While MongoDB has always guaranteed atomicity at the single-document level, modern applications often require cross-collection or multi-document consistency. This is achieved through Multi-Document ACID Transactions.

🏗️ 1. The Oplog: Foundation of Consistency

The Oplog (Operation Log) is a capped collection in the local database that stores all write operations applied to a Replica Set’s Primary.

  • Idempotency: Every operation in the Oplog is idempotent, meaning applying it multiple times results in the same state.
  • Tailing the Oplog: Secondary nodes continuously poll the Primary’s Oplog to replicate changes.
  • Retention: Because it is a capped collection, the Oplog has a fixed size. If it overflows, Secondaries that have fallen too far behind will need a full resync.

🚀 2. Multi-Document ACID Transactions

Since version 4.0, MongoDB supports full ACID (Atomicity, Consistency, Isolation, Durability) transactions across multiple collections.

Core Features

  • All-or-Nothing: All operations within a transaction either succeed and are committed together, or all are aborted.
  • Isolation: Operations in a transaction are not visible to other clients until they are committed (Snapshot Isolation).

Technical Requirements

  • Replica Set: Transactions require a Replica Set (or a Sharded Cluster).
  • Driver Support: You must use a modern driver (e.g., Pymongo 3.7+).

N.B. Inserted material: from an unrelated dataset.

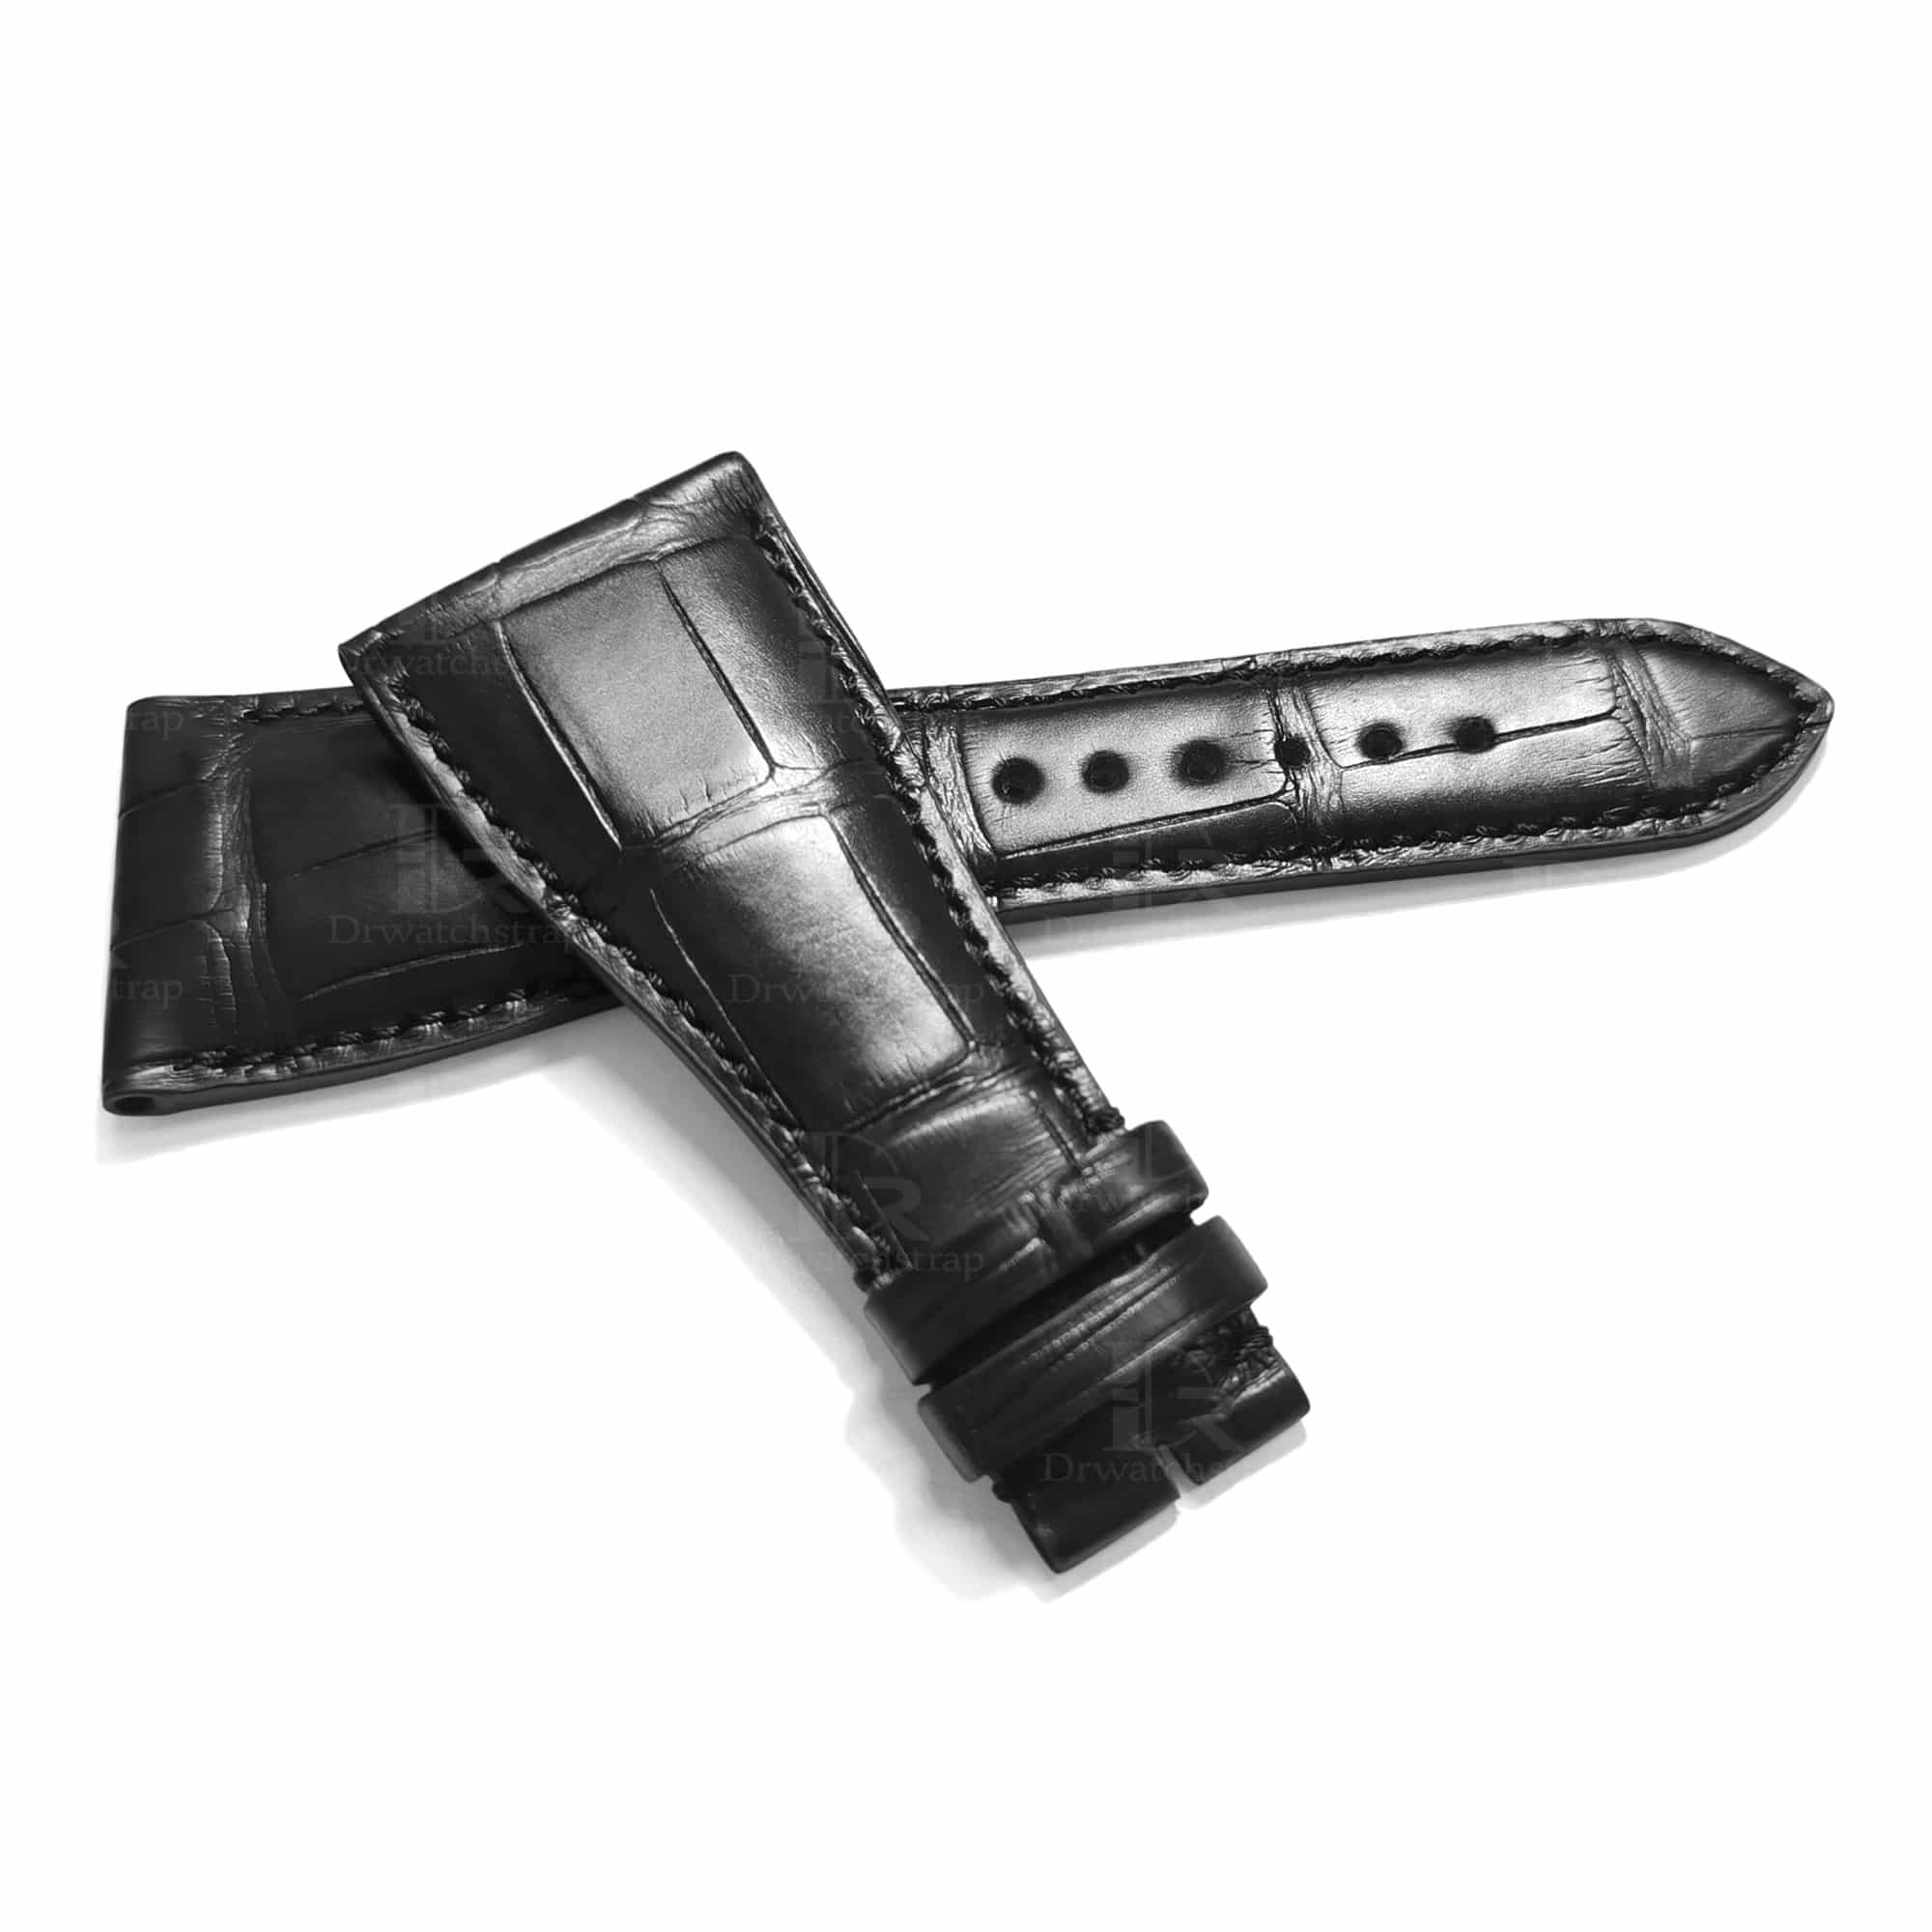 Roger Dubuis watch straps for sale, Replacement Black American Alligator Leather strap for Roger Dubuis Golden Square watch, Handmade OEM lug size 30mm

⚡ 3. Implementation Examples

Pymongo Example: Banking Transaction

from pymongo import MongoClient

client = MongoClient('mongodb://localhost:27017/?replicaSet=rs0')
db = client['bank']

def transfer_funds(session, from_id, to_id, amount):
    accounts = db['accounts']
    
    # Step 1: Deduct from A
    accounts.update_one(
        {"_id": from_id, "balance": {"$gte": amount}},
        {"$inc": {"balance": -amount}},
        session=session
    )
    
    # Step 2: Add to B
    accounts.update_one(
        {"_id": to_id},
        {"$inc": {"balance": amount}},
        session=session
    )

with client.start_session() as session:
    # Use with_transaction to automatically handle retries
    session.with_transaction(
        lambda s: transfer_funds(s, "account_A", "account_B", 500)
    )

Mongo Shell Example: Manual Transaction

const session = db.getMongo().startSession();
session.startTransaction();

try {
    db.inventory.updateOne(
        { _id: "sku_123" }, 
        { $inc: { quantity: -1 } }, 
        { session }
    );
    
    db.orders.insertOne(
        { order_id: "order_abc", item: "sku_123" }, 
        { session }
    );
    
    session.commitTransaction();
} catch (error) {
    session.abortTransaction();
} finally {
    session.endSession();
}

🛡️ 4. Performance and Constraints

  1. Locking: Transactions hold locks on modified documents until they are committed or aborted, which can impact performance.
  2. Time Limits: By default, transactions must complete within 60 seconds (transactionLifetimeLimitSeconds).
  3. Execution Cost: Transactions incur additional overhead in the WiredTiger engine to maintain multiple snapshots of the data.

💡 Best Practices

  1. Design for Single-Document Atomicity: Always prefer Embedded Documents over transactions when possible.
  2. Keep Transactions Short: Avoid long-running logic or external API calls inside a transaction block.
  3. Handle Transient Errors: Some transaction failures (like “Write Conflict”) are transient and should be retried automatically (as shown in the Pymongo example).